**Data block:**
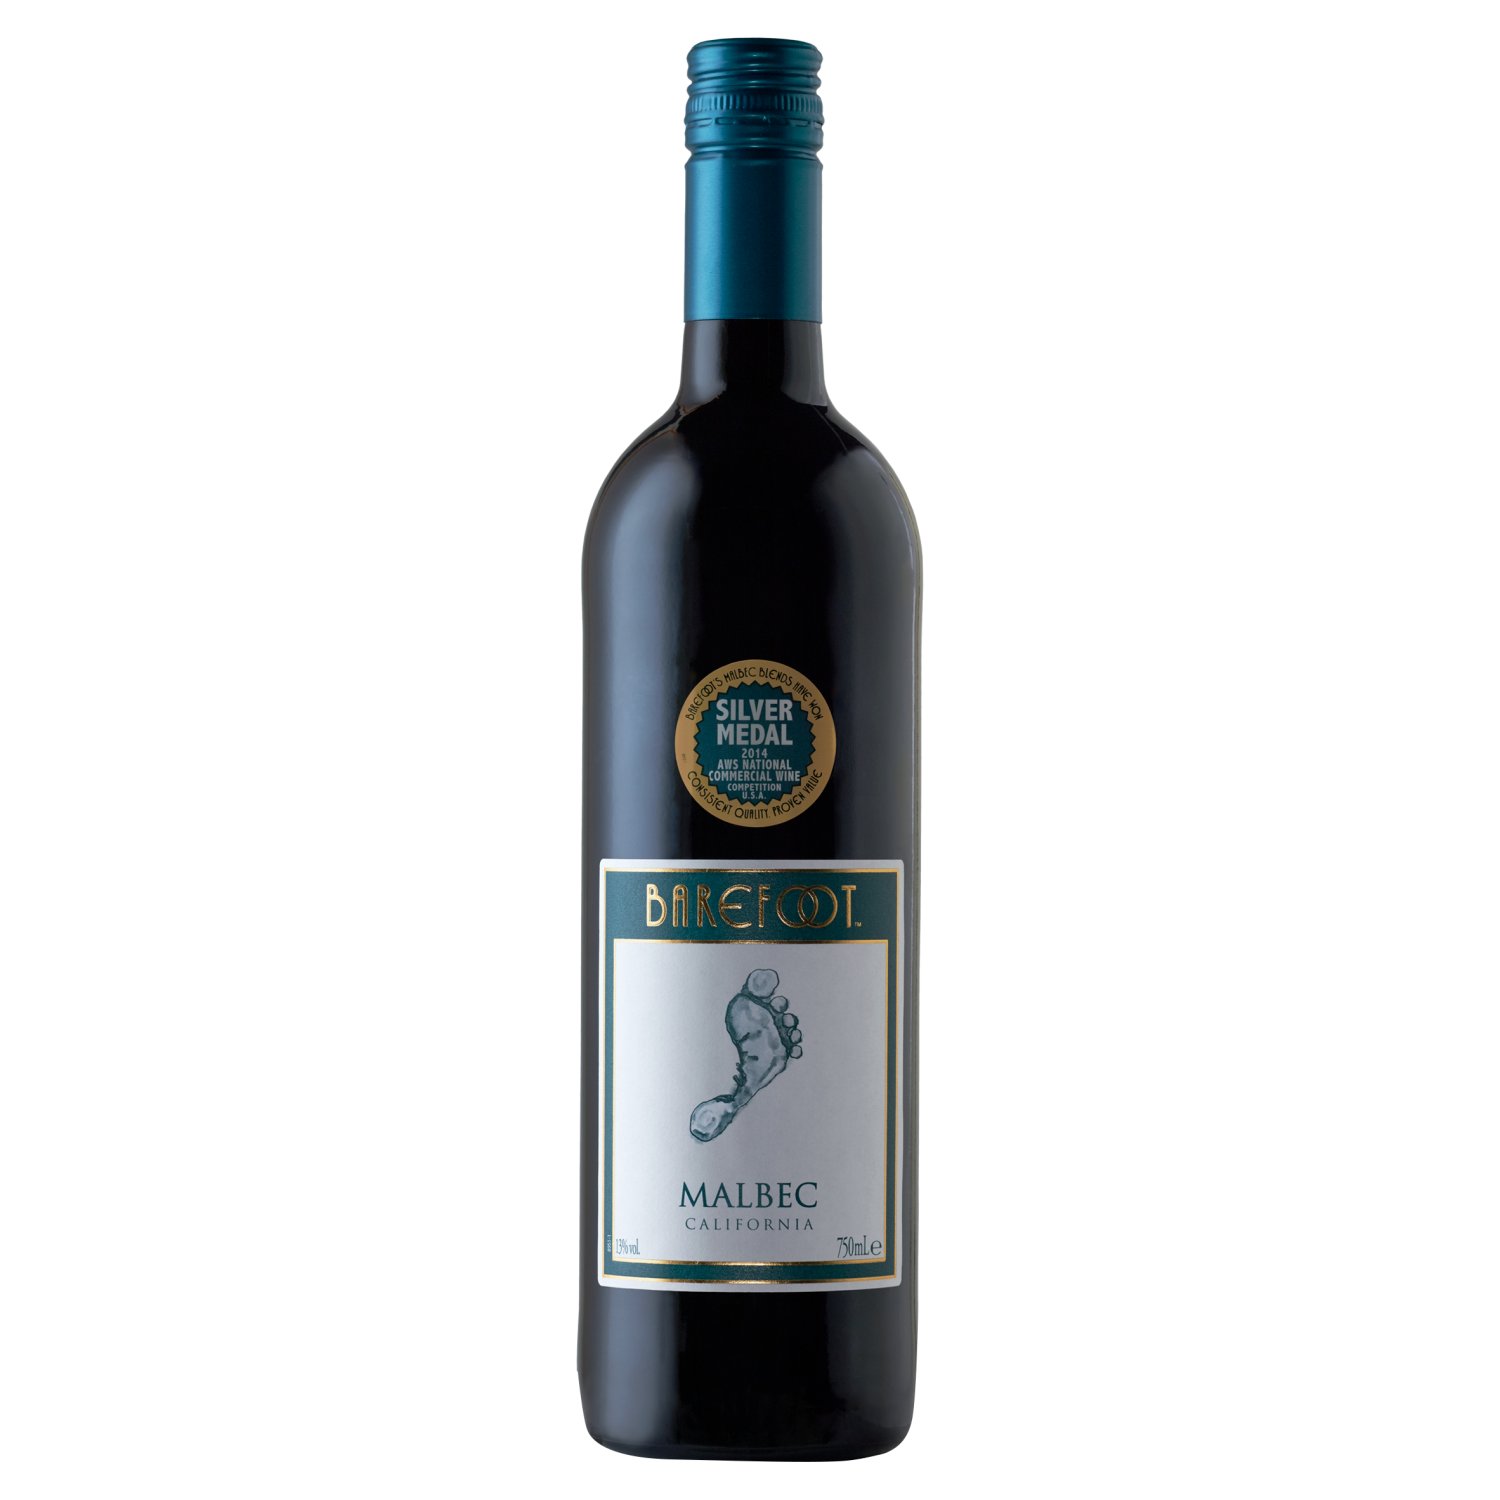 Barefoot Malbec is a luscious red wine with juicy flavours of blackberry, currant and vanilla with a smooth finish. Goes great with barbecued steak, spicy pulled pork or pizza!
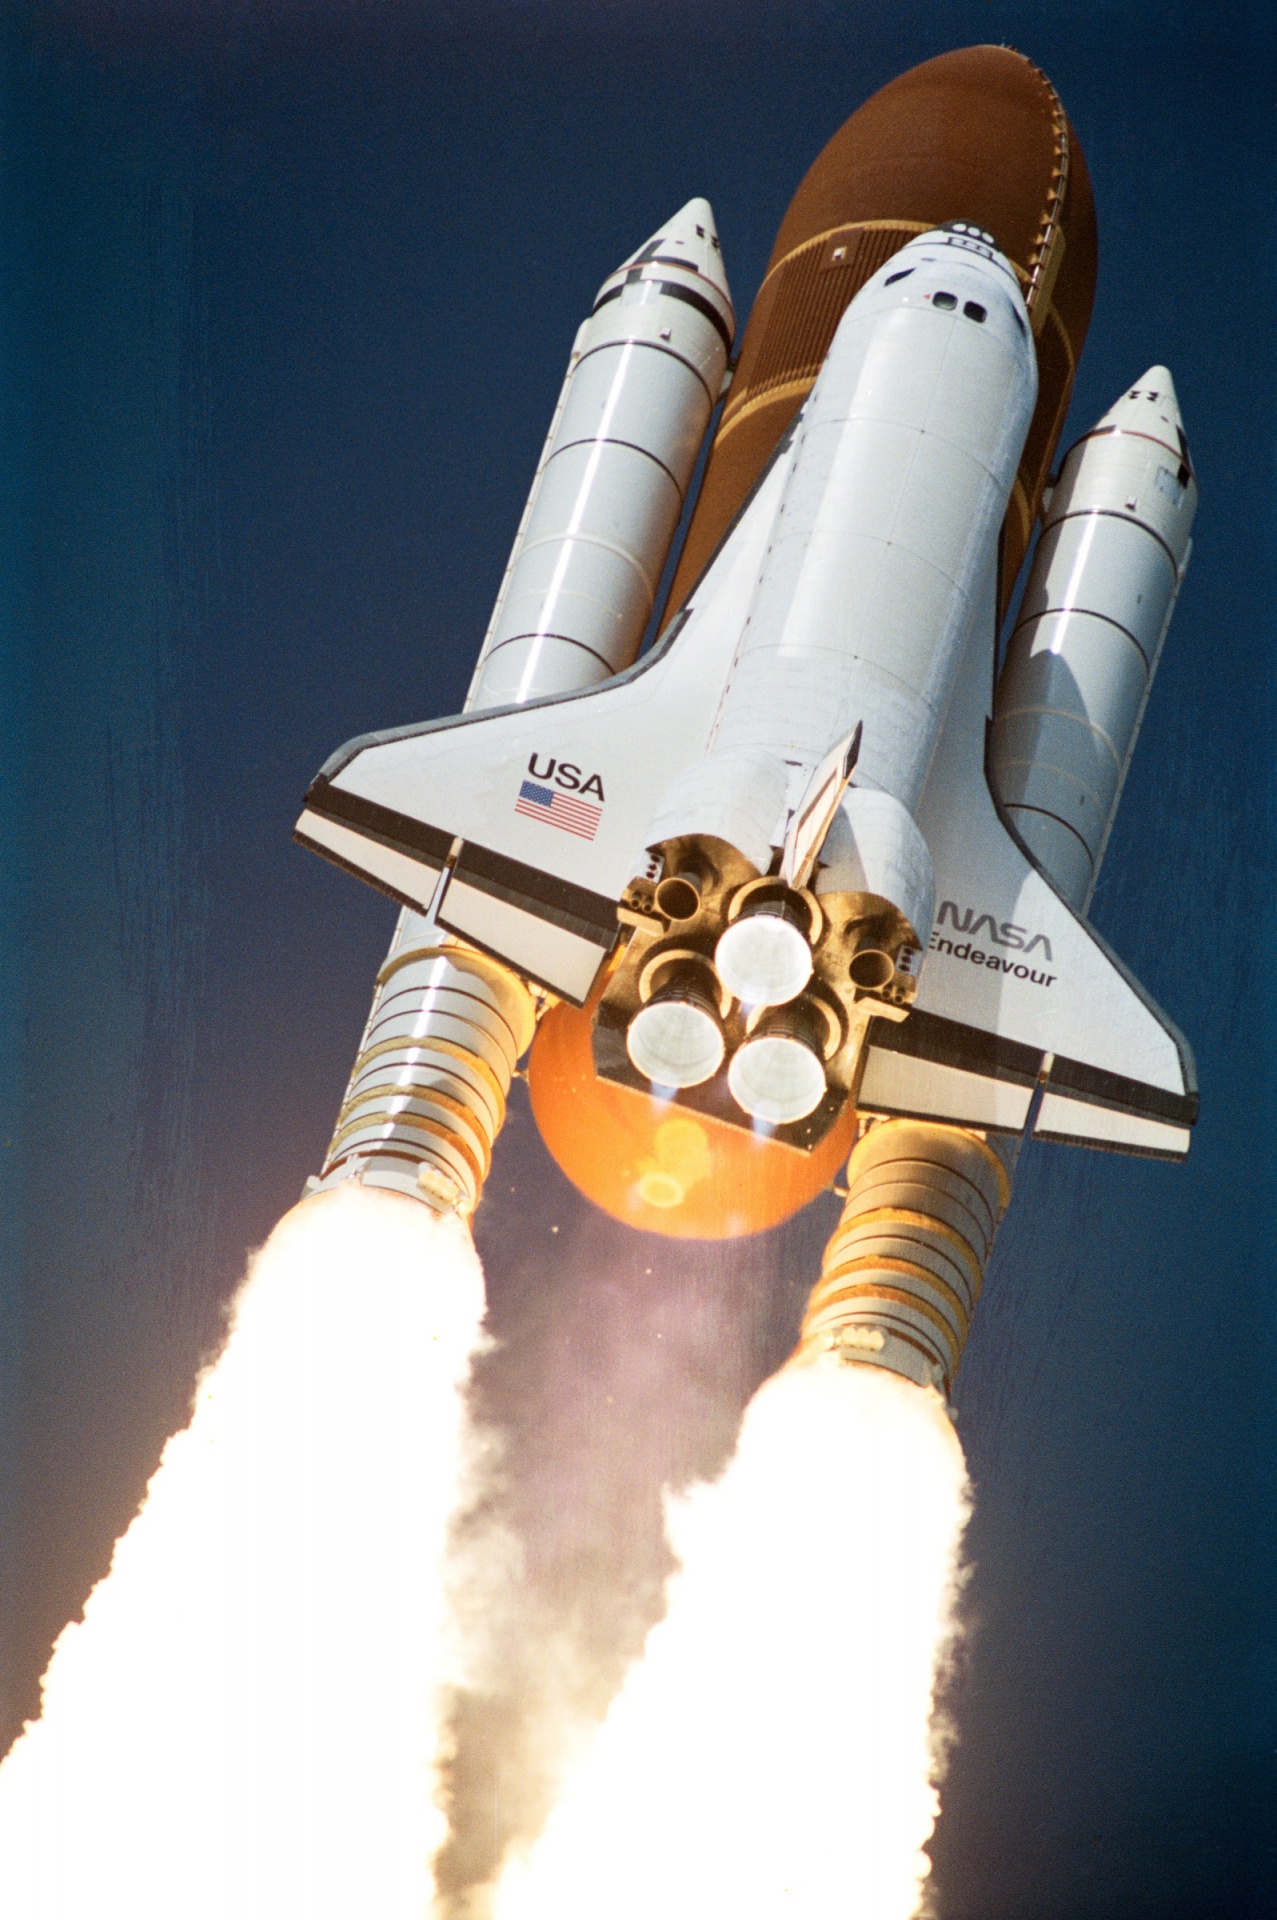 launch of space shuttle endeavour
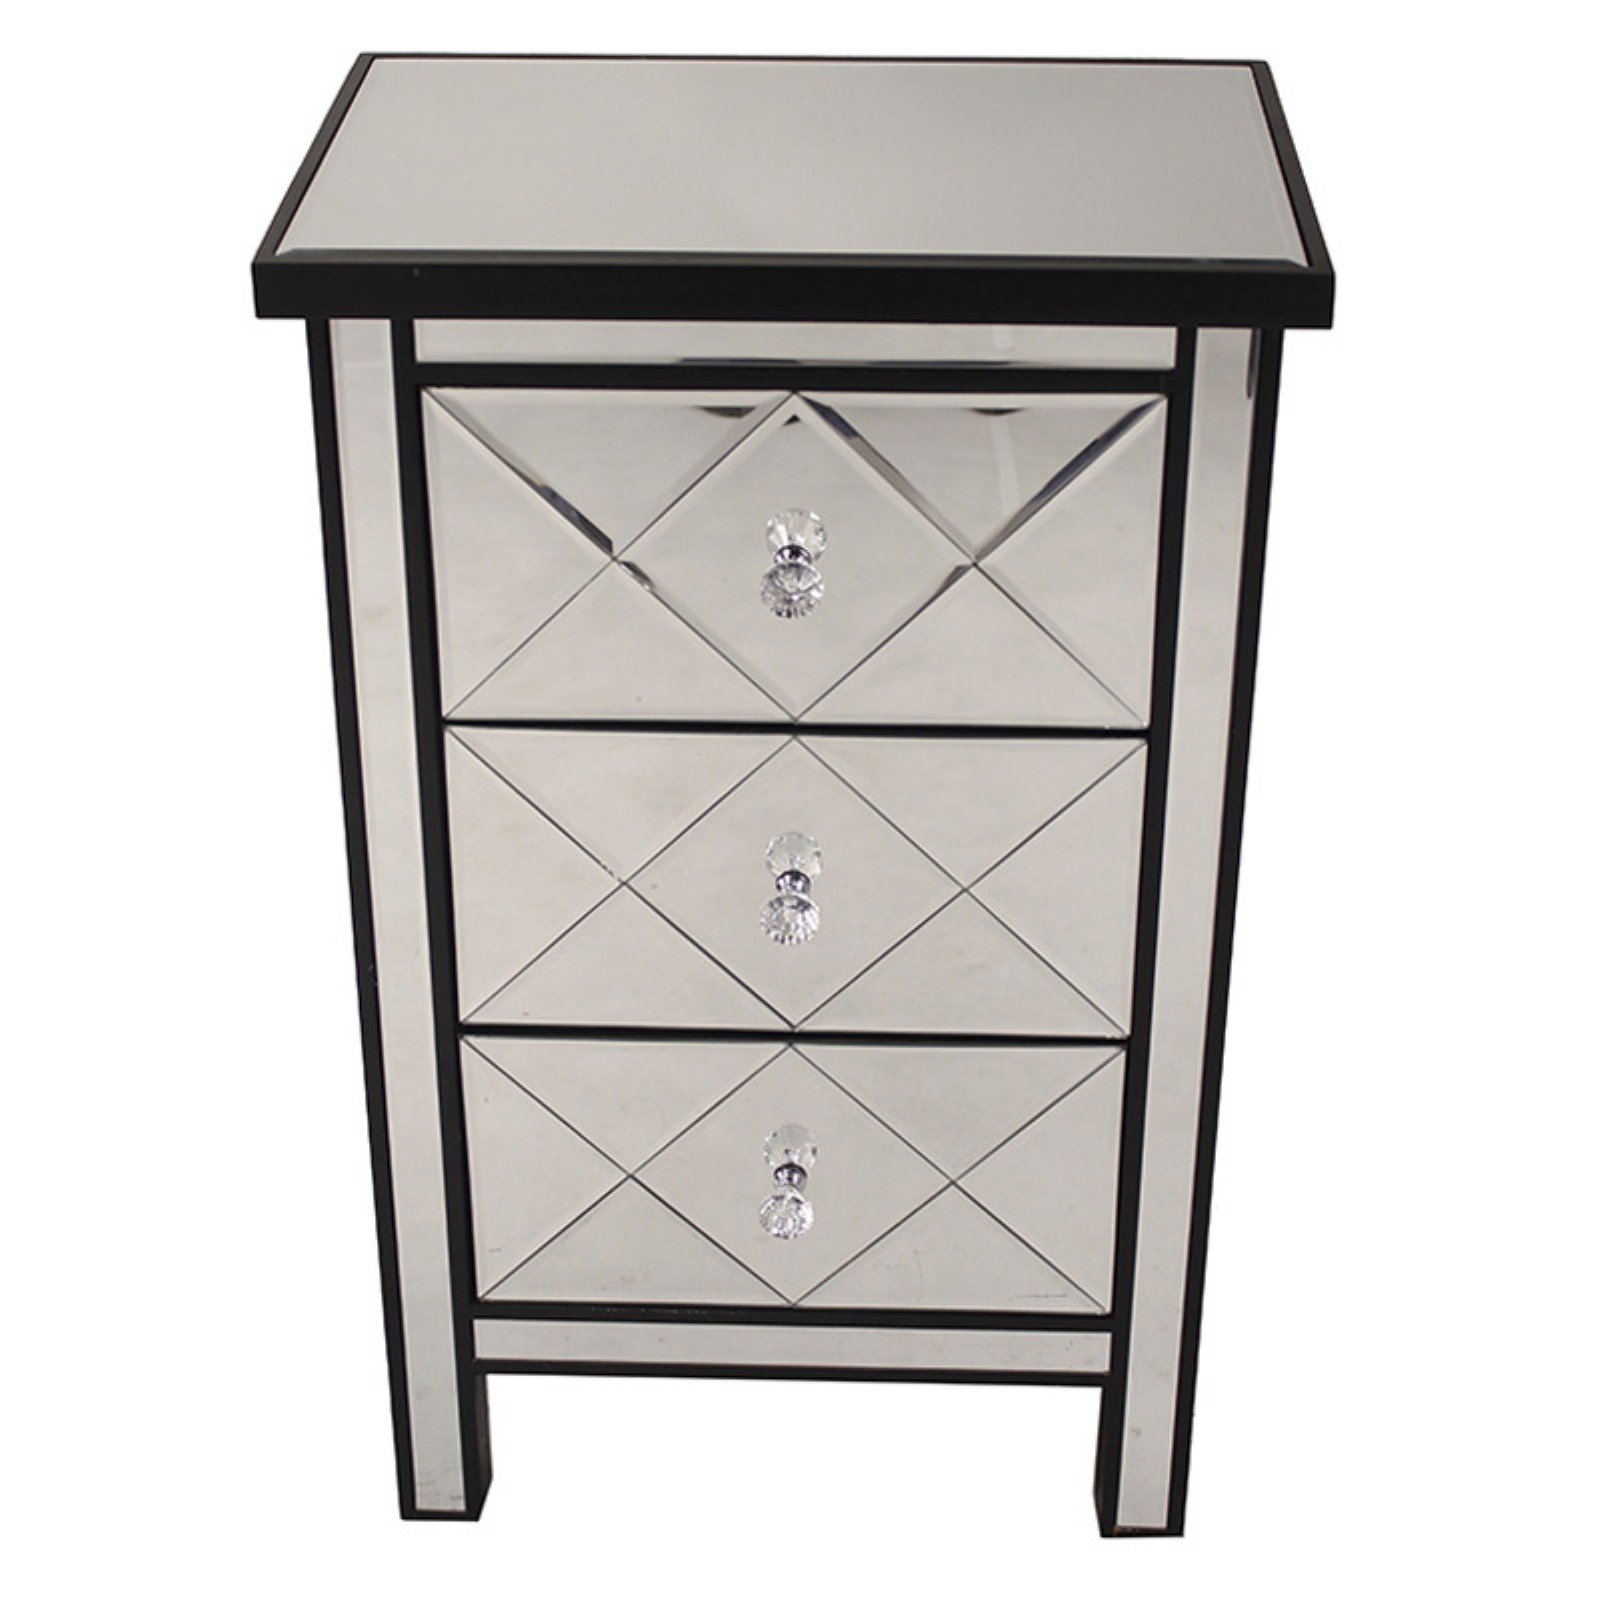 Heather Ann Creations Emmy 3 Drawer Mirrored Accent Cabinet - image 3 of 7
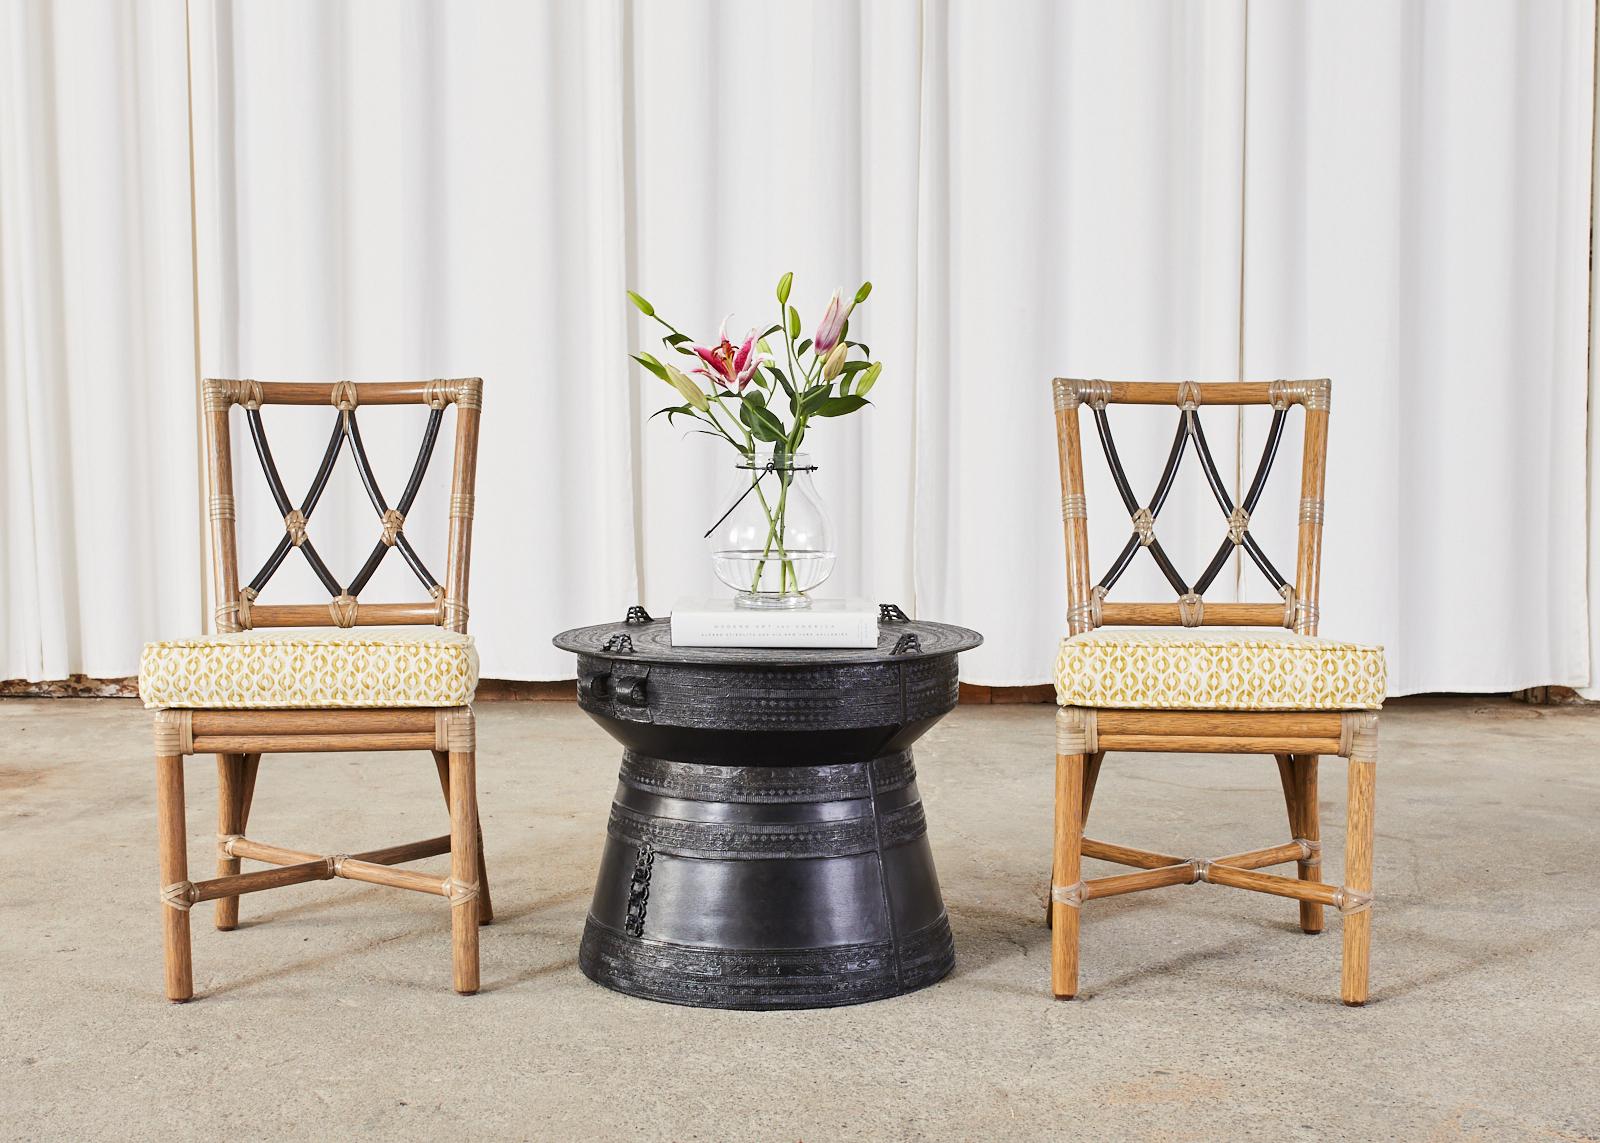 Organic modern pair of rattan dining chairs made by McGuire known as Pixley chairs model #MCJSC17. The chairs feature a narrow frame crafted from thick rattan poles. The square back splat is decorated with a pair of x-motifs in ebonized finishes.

**Directions for this task:**
None of the pictures belong in the copy; repeat all other material exactly.

**Solved exercise:**
 Barefoot Malbec is a luscious red wine with juicy flavours of blackberry, currant and vanilla with a smooth finish. Goes great with barbecued steak, spicy pulled pork or pizza!
 launch of space shuttle endeavour
 Heather Ann Creations Emmy 3 Drawer Mirrored Accent Cabinet - image 3 of 7
 Organic modern pair of rattan dining chairs made by McGuire known as Pixley chairs model #MCJSC17. The chairs feature a narrow frame crafted from thick rattan poles. The square back splat is decorated with a pair of x-motifs in ebonized finishes.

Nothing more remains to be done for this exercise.